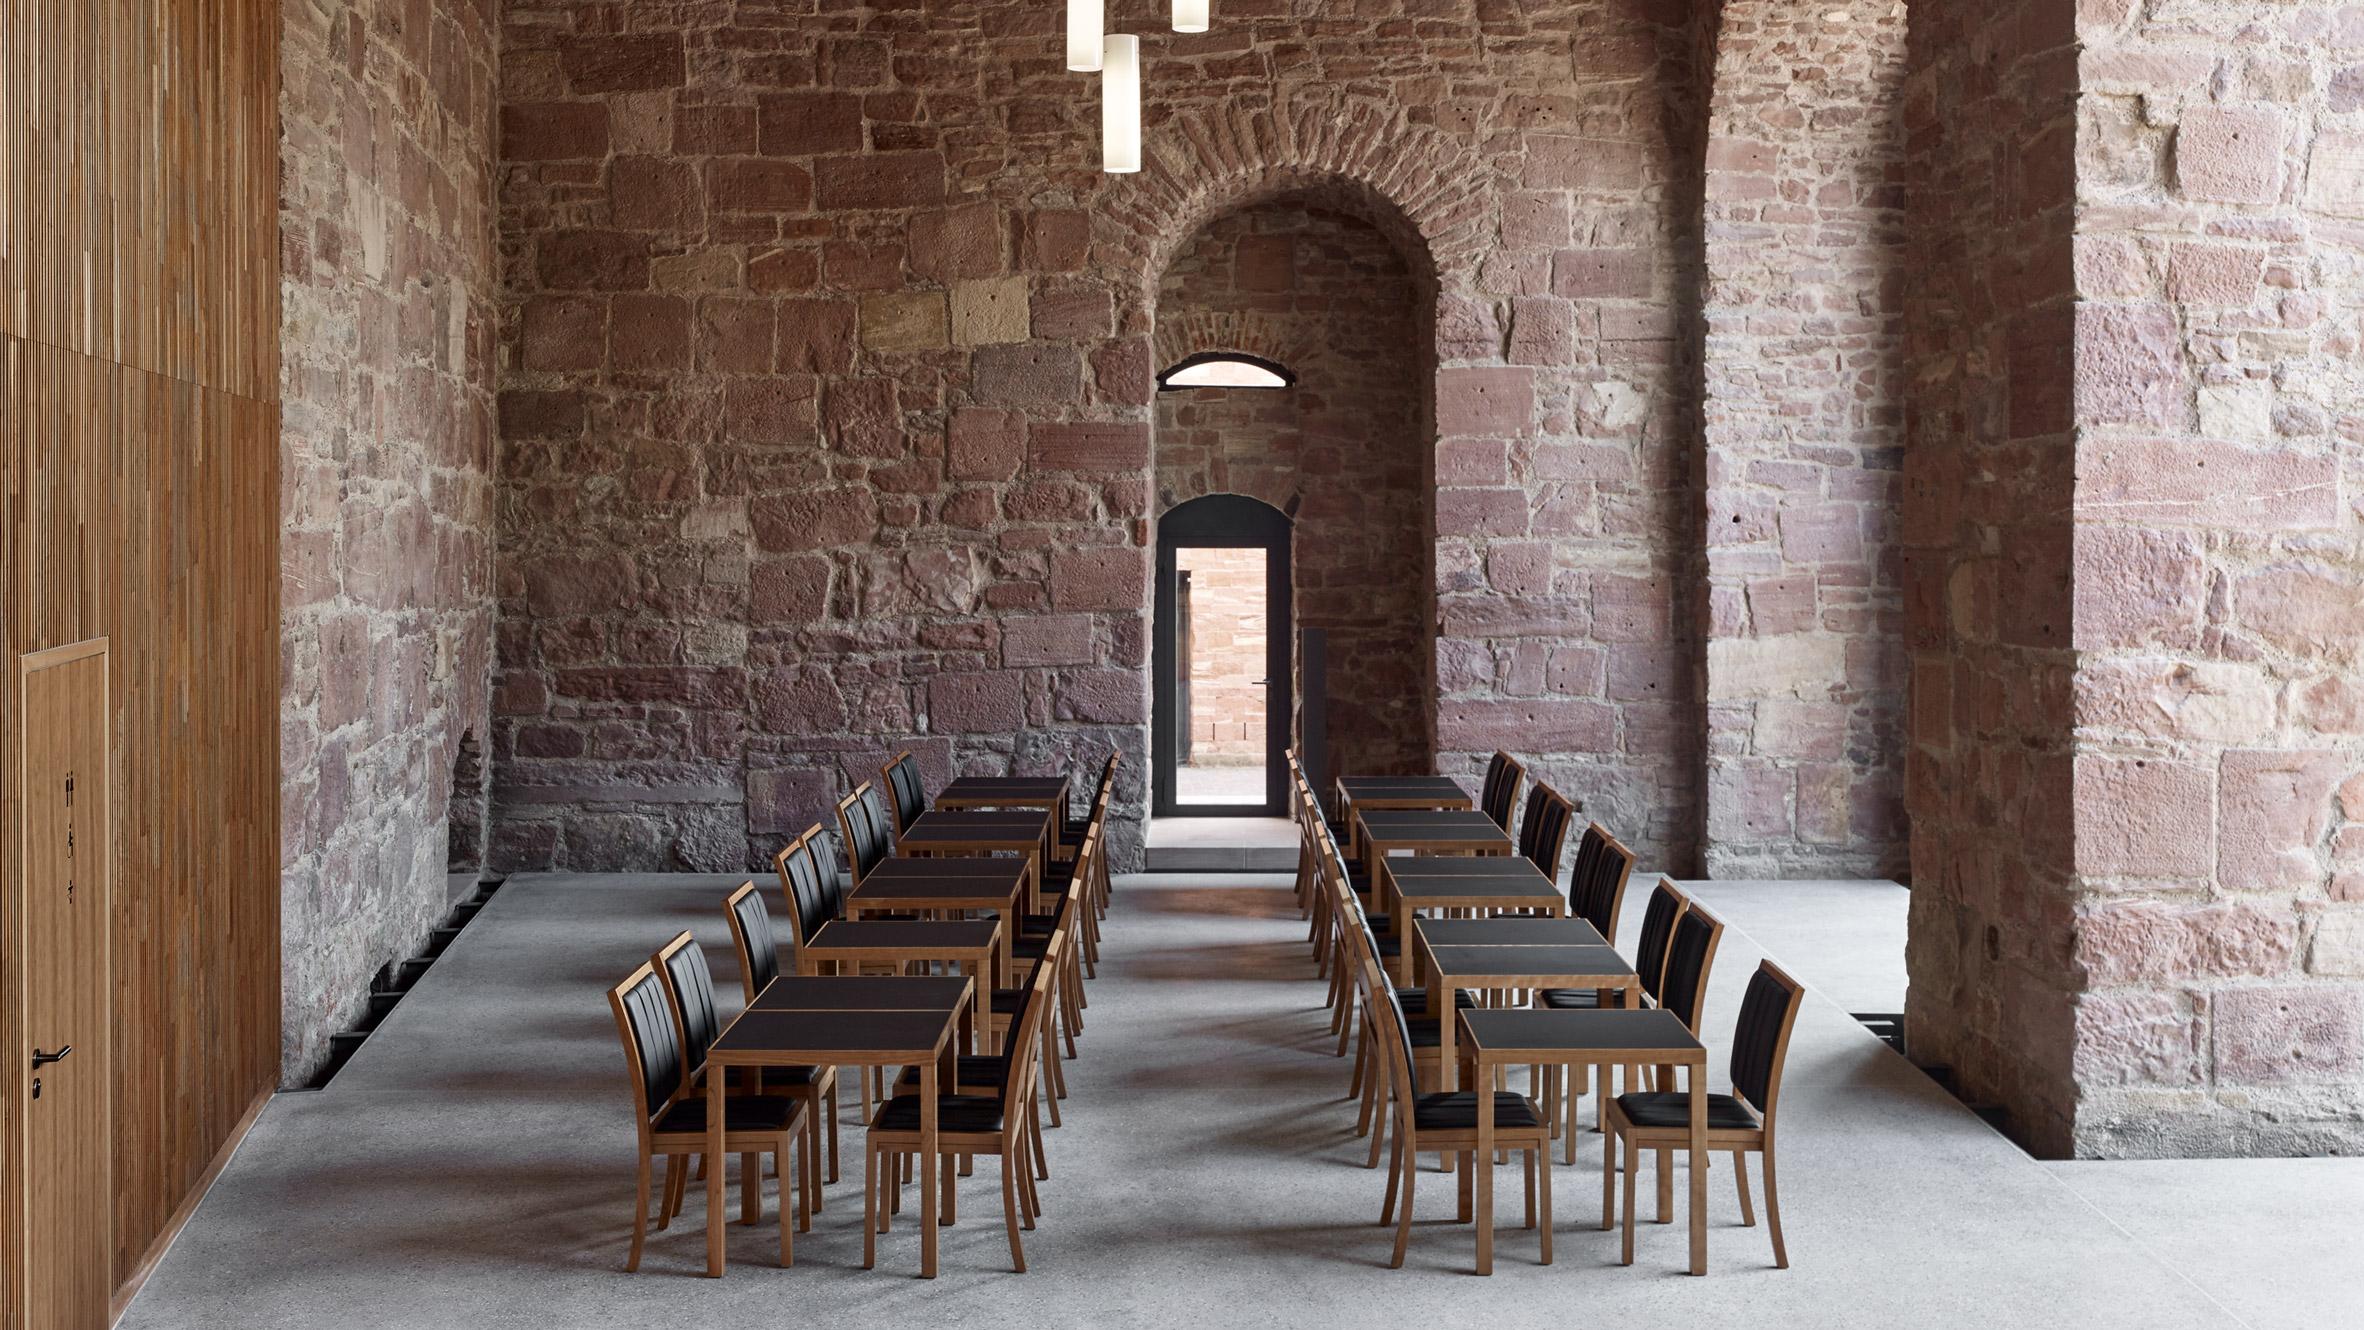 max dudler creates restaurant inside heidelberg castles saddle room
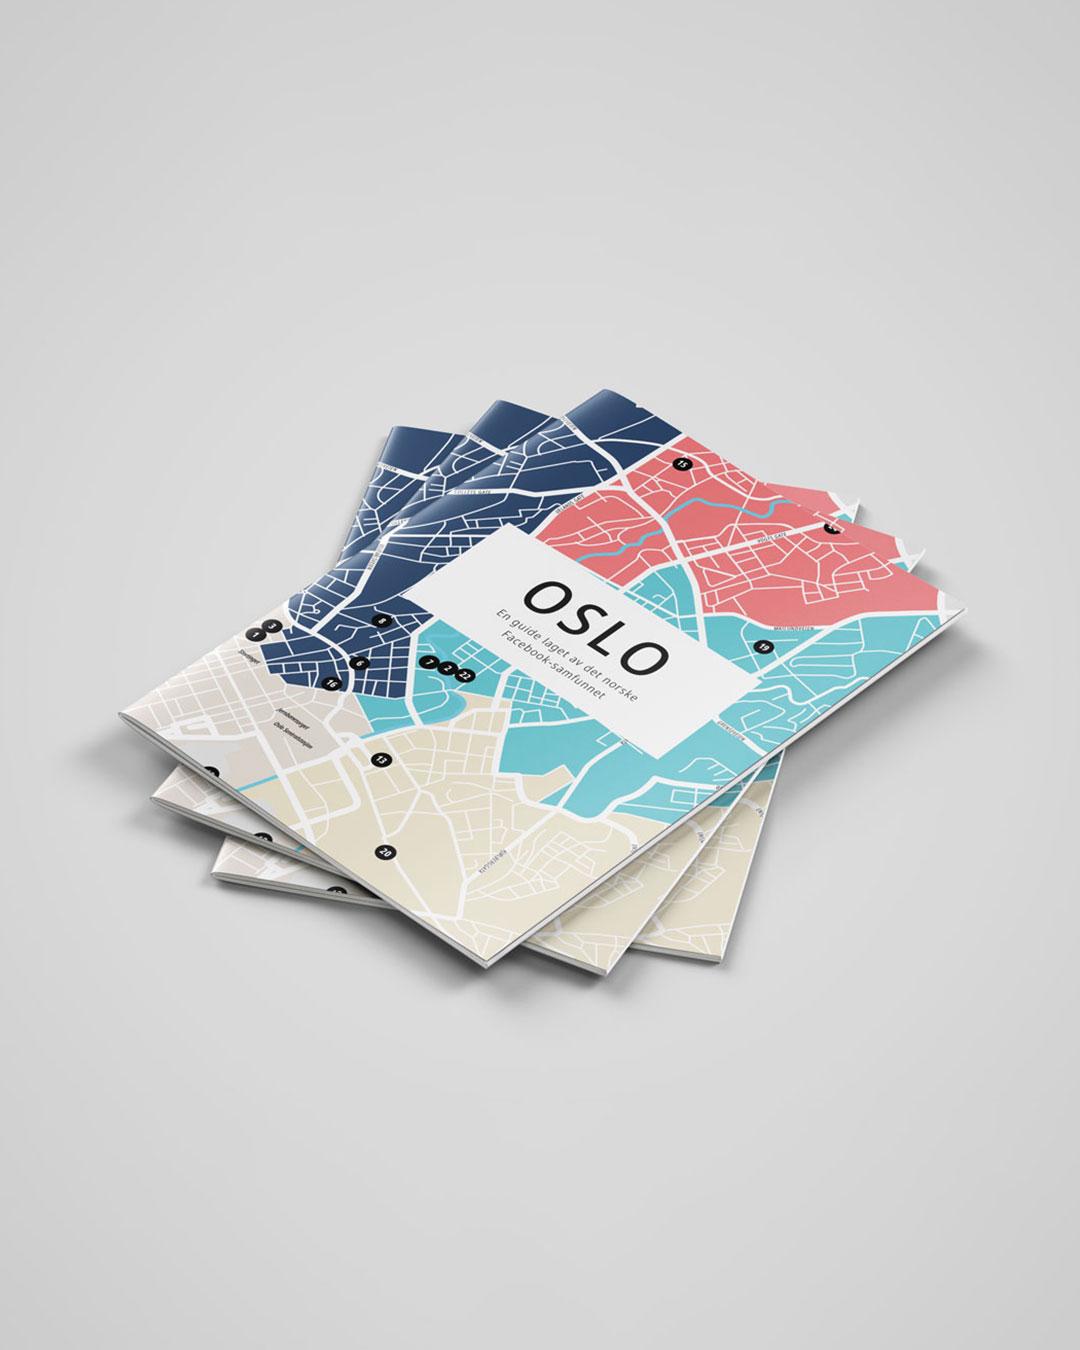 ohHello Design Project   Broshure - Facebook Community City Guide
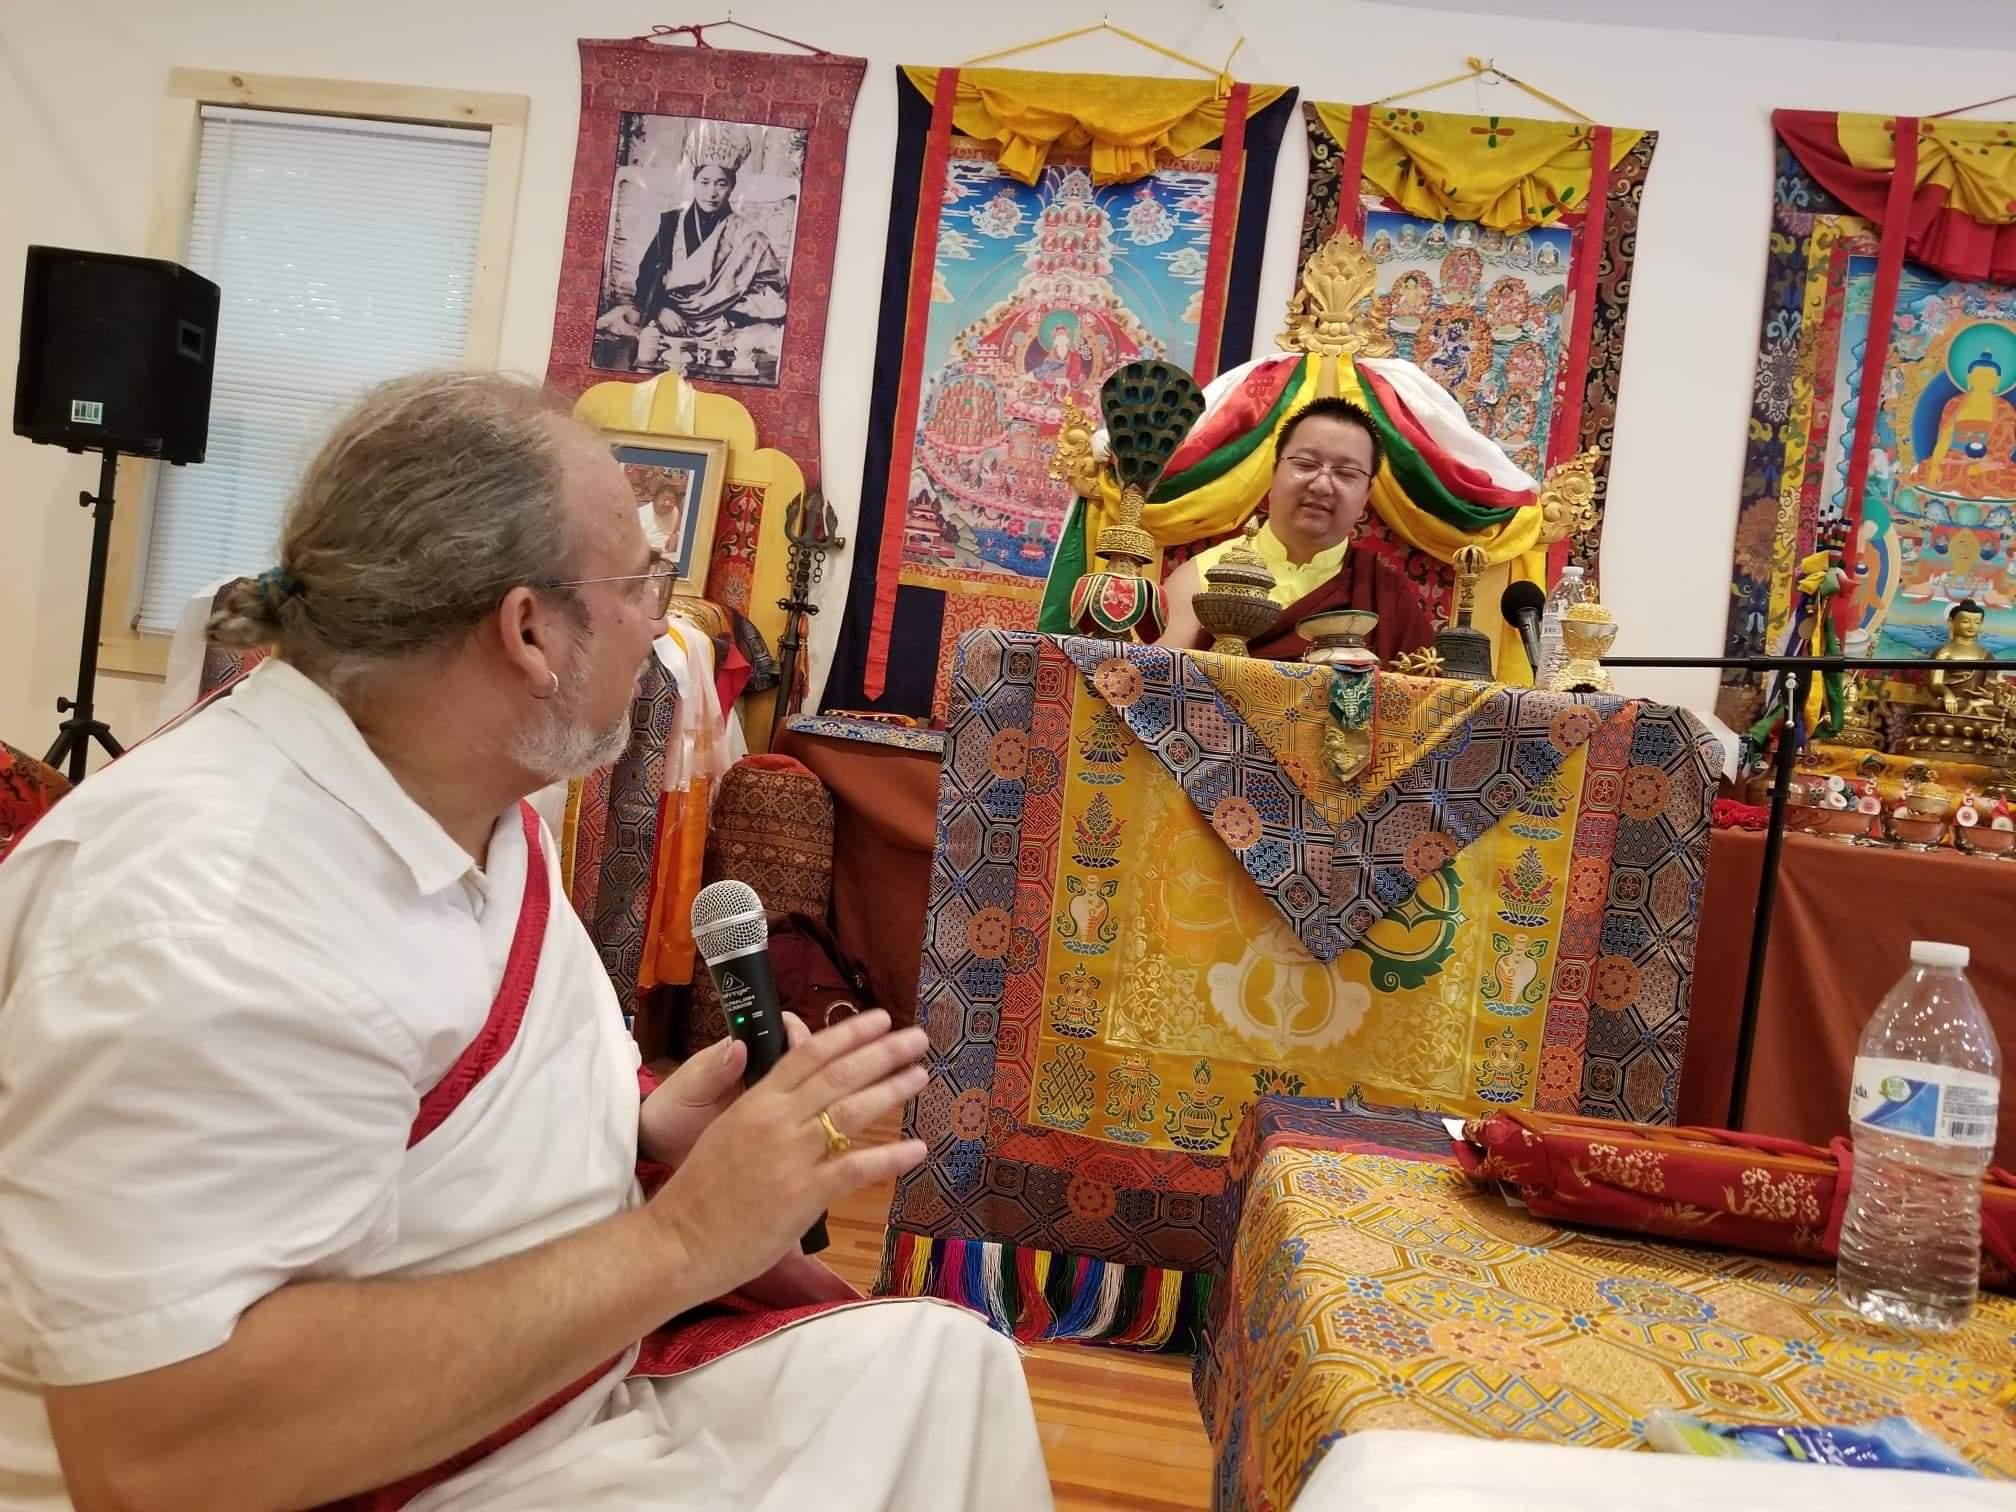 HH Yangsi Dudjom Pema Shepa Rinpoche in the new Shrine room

TASK STATEMENT => Find the line containing "ohHello Design Project" in the listing above. Restate it and every line after it, word for word, through the final line, leaving out the pictures.

WORKED SOLUTION =>
 ohHello Design Project   Broshure - Facebook Community City Guide
 HH Yangsi Dudjom Pema Shepa Rinpoche in the new Shrine room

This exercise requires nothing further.